We are using EFA to do asynchronous ncclAllReduce over 120 ranks. Every once in a while and every few hours, the operation breaks. We poll NCCL errors by first checking the scheduled stream status, and, if it is equal to cudaErrorNotReady, we consequently check the communicator errors by calling ncclCommGetAsyncError.
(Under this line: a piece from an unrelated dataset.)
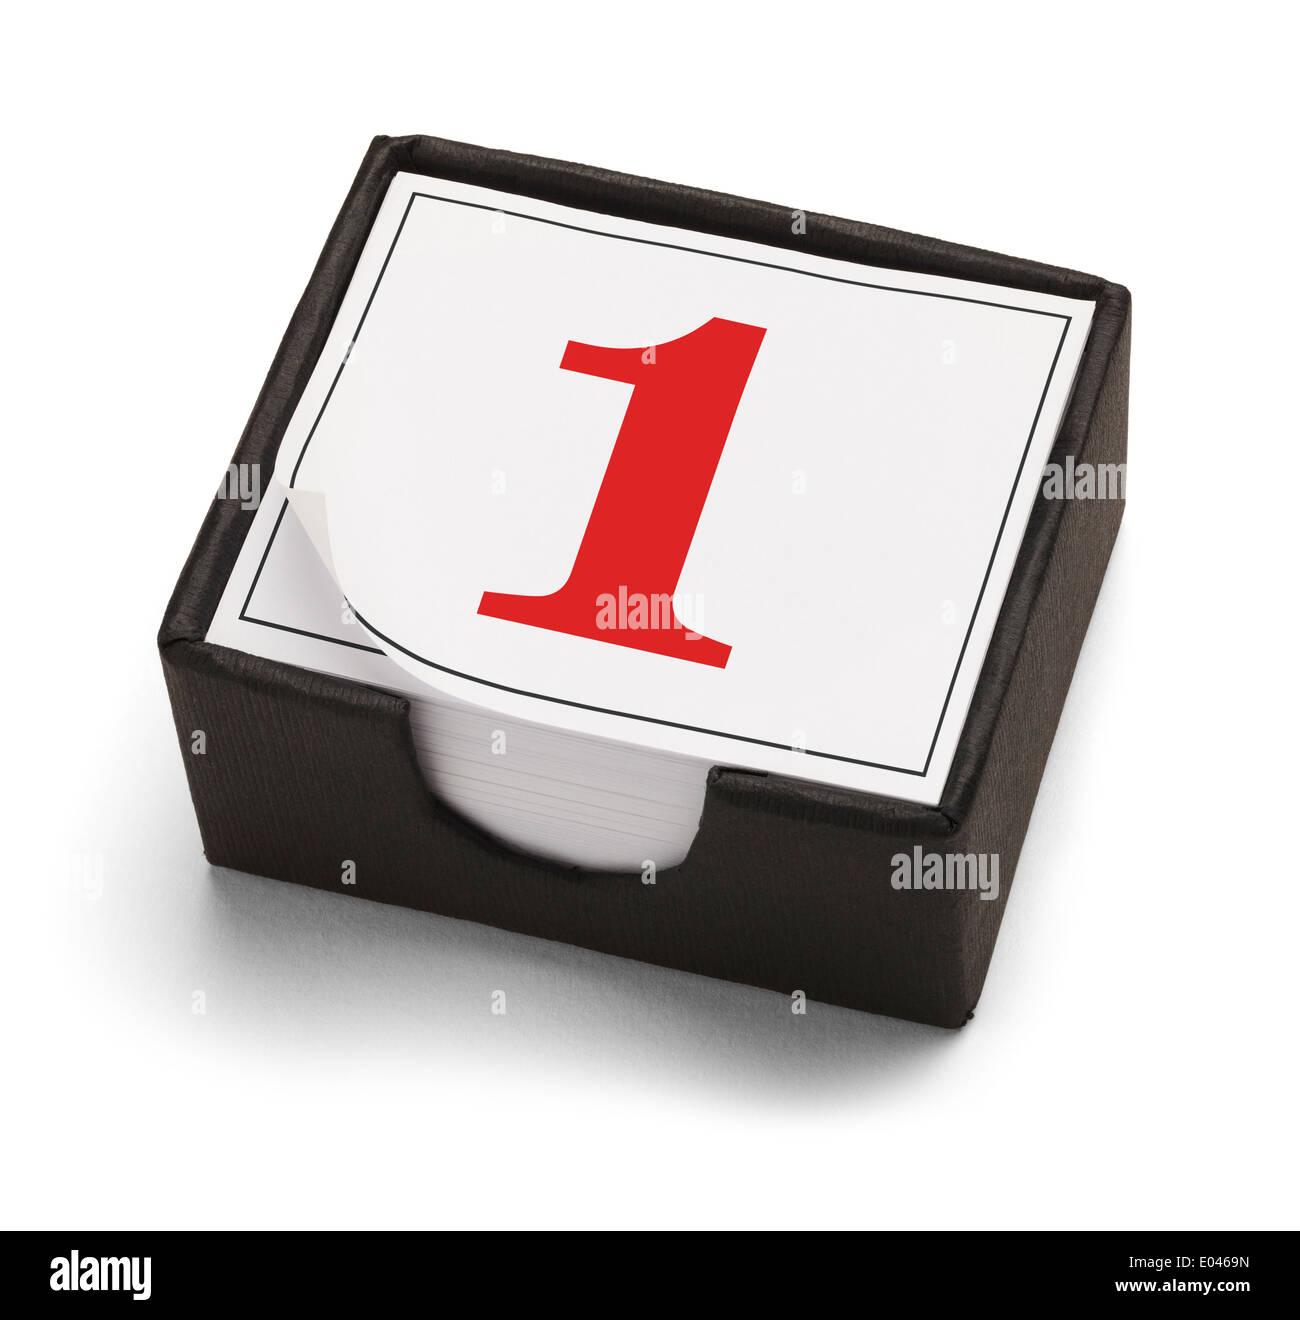 Calendario de mesa con el primer día o número 1 en rojo aislado sobre un fondo blanco. Imagen De Stock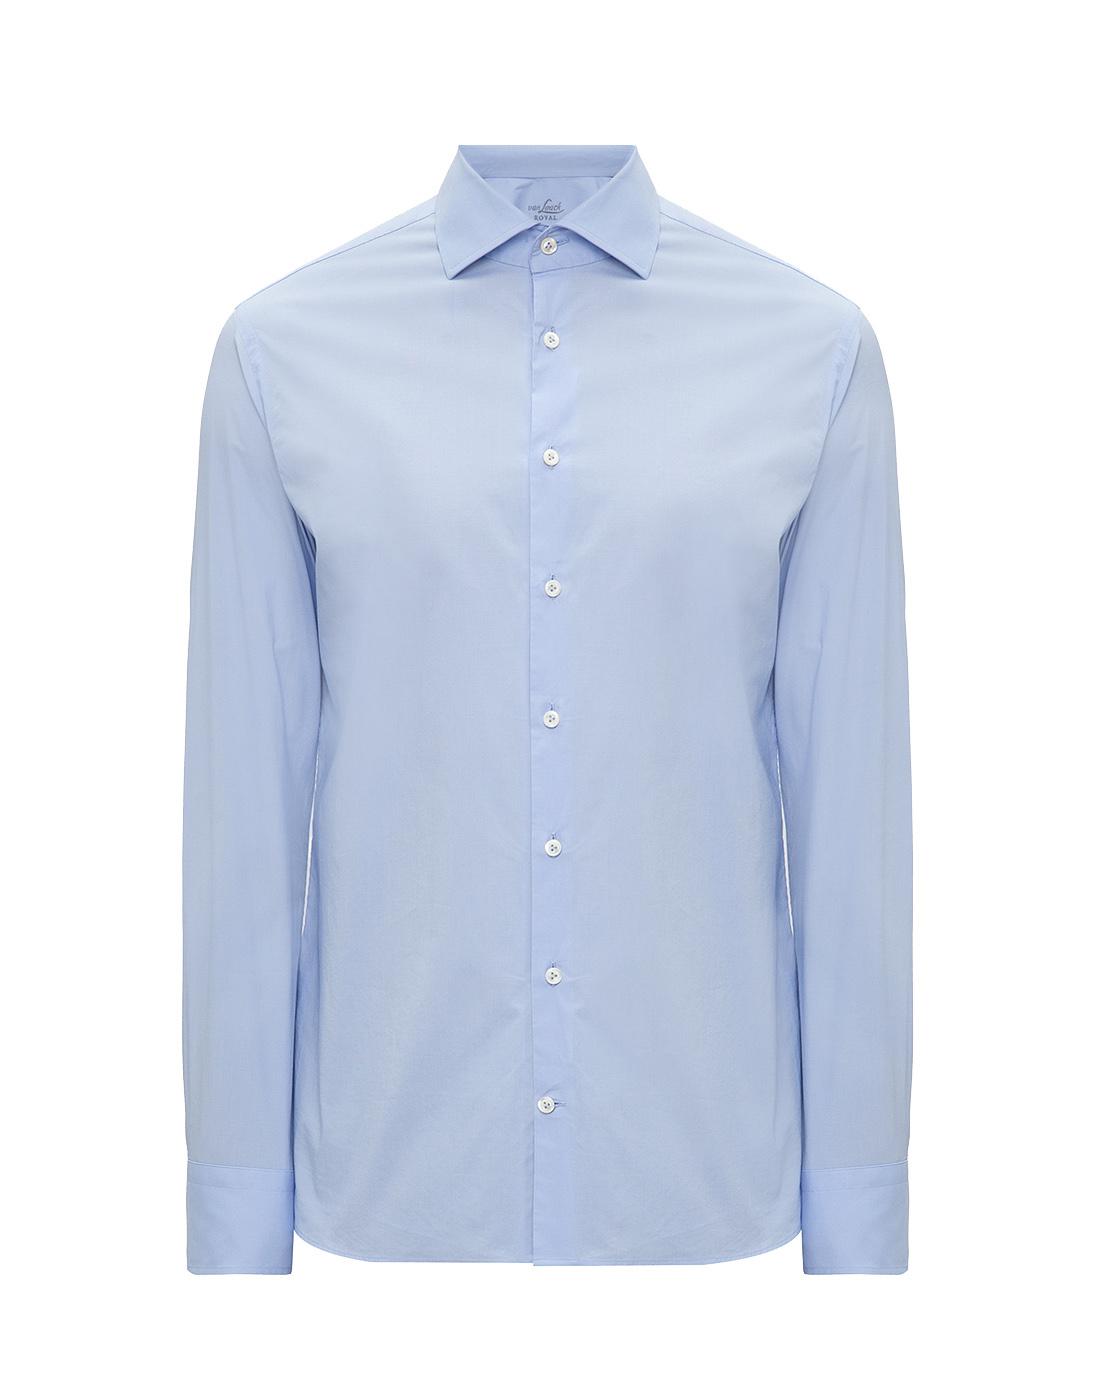 Мужская голубая рубашка Van Laack S130090/720-1

Under yet-to-be-fully-understood circumstances (we are investigating together with Amazon support), we see the following log under NCCL_DEBUG=TRACE, FI_LOG_LEVEL=1:

libfabric:451707:1708520807::efa:cq:efa_rdm_txe_handle_error():737<warn> err: 5, message: Invalid address My EFA addr: fi_addr_efa://[fe80::13:c2ff:fe6f:f03d]:0:1072483550 My host id: i-0db7083f3fcbebb65 Peer EFA addr: fi_addr_efa://[fe80::b8:aff:fe44:425]:0:947699476 Peer host id: i-0ce6d3d57139f053c (7)
    libfabric:451707:1708520807::efa:cq:efa_rdm_txe_handle_error():737<warn> err: 5, message: Invalid address My EFA addr: fi_addr_efa://[fe80::13:c2ff:fe6f:f03d]:0:1072483550 My host id: i-0db7083f3fcbebb65 Peer EFA addr: fi_addr_efa://[fe80::b8:aff:fe44:425]:0:947699476 Peer host id: i-0ce6d3d57139f053c (7)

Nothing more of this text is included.